From: Pat Hayes <phayes@ihmc.us>
Date: Tue, 17 Jan 2006 20:44:02 -0600
Message-Id: <p06230900bff34068fe29@[]>
To: Enrico Franconi <franconi@inf.unibz.it>
Cc: RDF Data Access Working Group <public-rdf-dawg@w3.org>, bparsia@isr.umd.edu

>A quick reaction:
>On 17 Jan 2006, at 17:42, Pat Hayes wrote:
>>Enrico Franconi wrote:
>>>The new proposal of Pat 
>>>does not work for any approach where bnodes are implicit, and this 
>>>happens not only for OWL-Lite entailment, as we already pointed 
>>>out in 
>>>but also for RDF entailment. For example, given the graph
>>>     :john :age "25"^^xsd:decimal .
>>>the query
>>>     ASK { _:b rdf:type rdf:XMLLiteral }
>>>should clearly return YES if RDF entailment is considered.
>>I agree, and see below.
>>>according to the latest proposal from Pat the answer to the query 
>>>would be NO regardless of the type of entailment considered. The 
>>>reason is that Pat considers bnodes in the query restricted to be 
>>>bound only to URIs and bnodes explicitly appearing in the graph.
>>This restriction is to terms occurring in the scoping graph, not in 
>>the original graph. For the SPARQL case of simple entailment, the 
>>scoping graph is defined to be equivalent to the dataset graph, but 
>>for  RDF or RDFS entailment, the appropriate adjustment would be to 
>>define the scoping graph G' to be the RDF or RDFS closure of the 
>>data set graph G.
>Oh, no. We are not going through the graph closure discussion again.

No, no. Relax. The basic condition on an answer is still that the 
answer instance is appropriately entailed by the original graph. The 
discussion is only about how best to restrict the vocabulary of legal 
answer bindings: for this purpose, the finiteness of the closure is 
not important.

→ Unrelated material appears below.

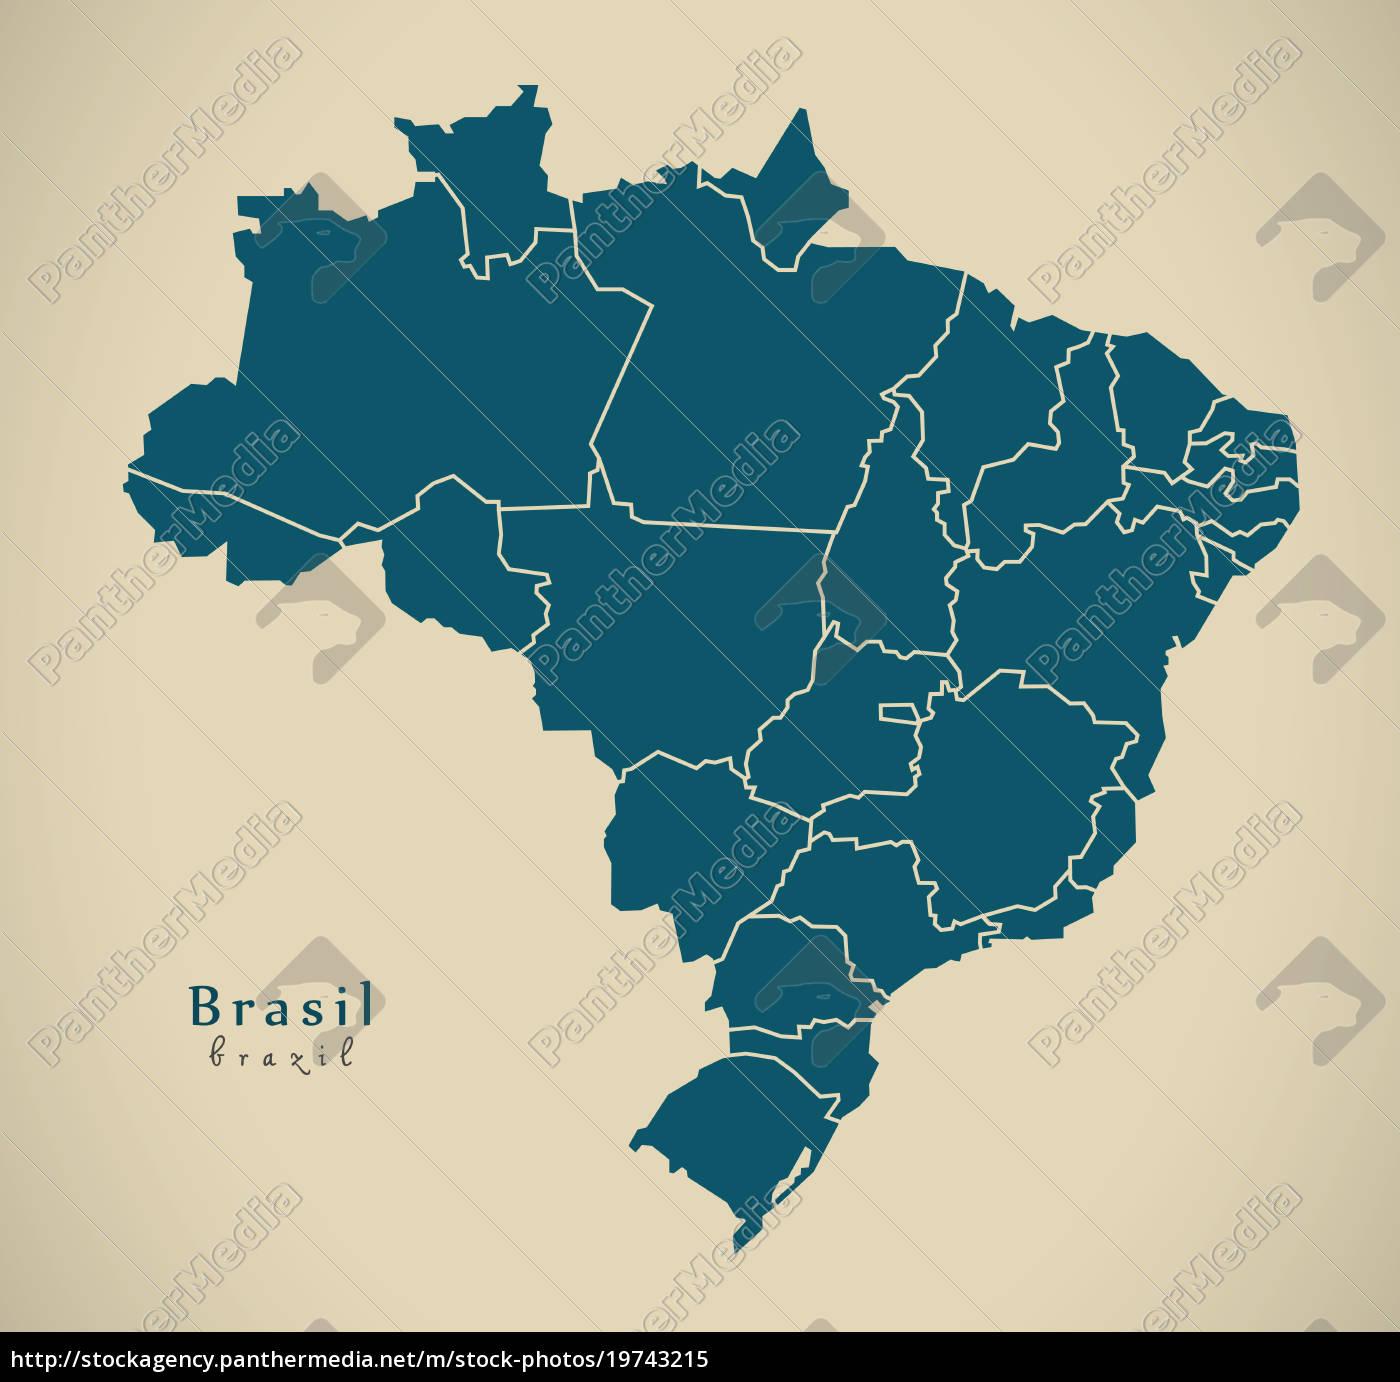 Lizenzfreies Bild 19743215 - moderne karte brasil mit bezirken br brasilien  illustration
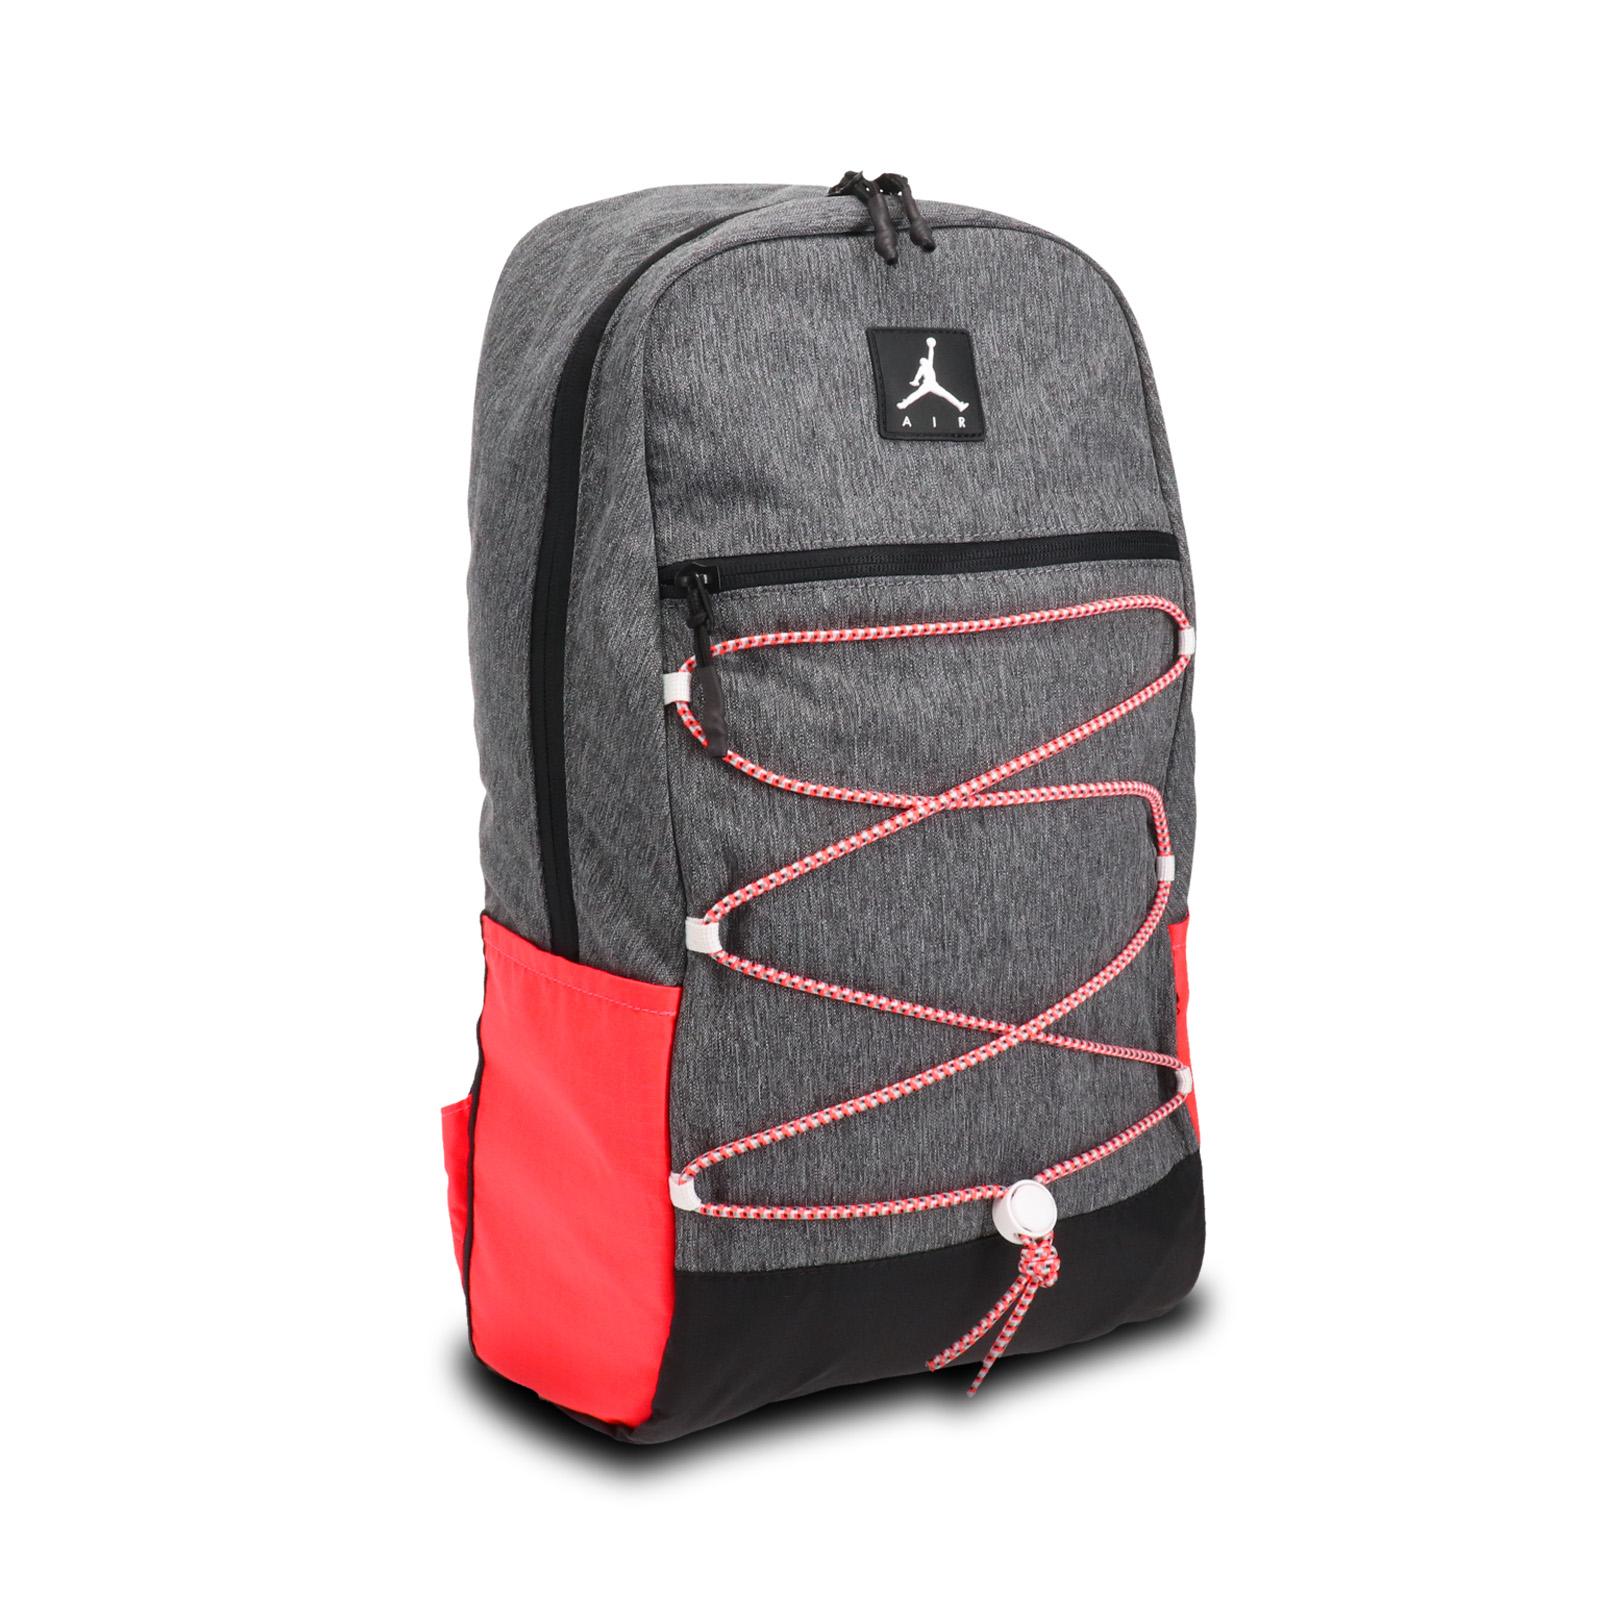 Nike 後背包 Jordan Backpack 灰 橘 男女款 喬丹 手提【ACS】 JD2043002AD-002

I think this can be done even for OWL, simply by 
defining the relevant closure relative to the comprehension 
conditions described in the OWL/RDF semantics: it doesn't have to 
entail the answer, only provide a name for it.

But forget about closures: I agree with your quick reaction that 
appealing to closures is kind of tacky, so let me make an alternative 
suggestion, detailed below, which tries to separate out three 
different roles in the definition of answer and put constraints on 

>The decision to have entailment was exactly to replace the closure 
>of the graph.
>Your proposal does not scale up: the closure of an RDF (or RDFS) 
>graph is infinite, and the closure of a OWL-DL graph is not unique 
>Moreover, if you let the scoping graph G' in the definition of basic 
>graph pattern matching, the algebraic expressions involving more 
>than one BGP wouldn't work properly (since you can not control 
>whether there are distinct scoping graphs Gi').

Of course we can control this: we simply impose it by fiat in the 
definitions. There must be a single scoping graph used for all 
answers to a query. We say this explicitly.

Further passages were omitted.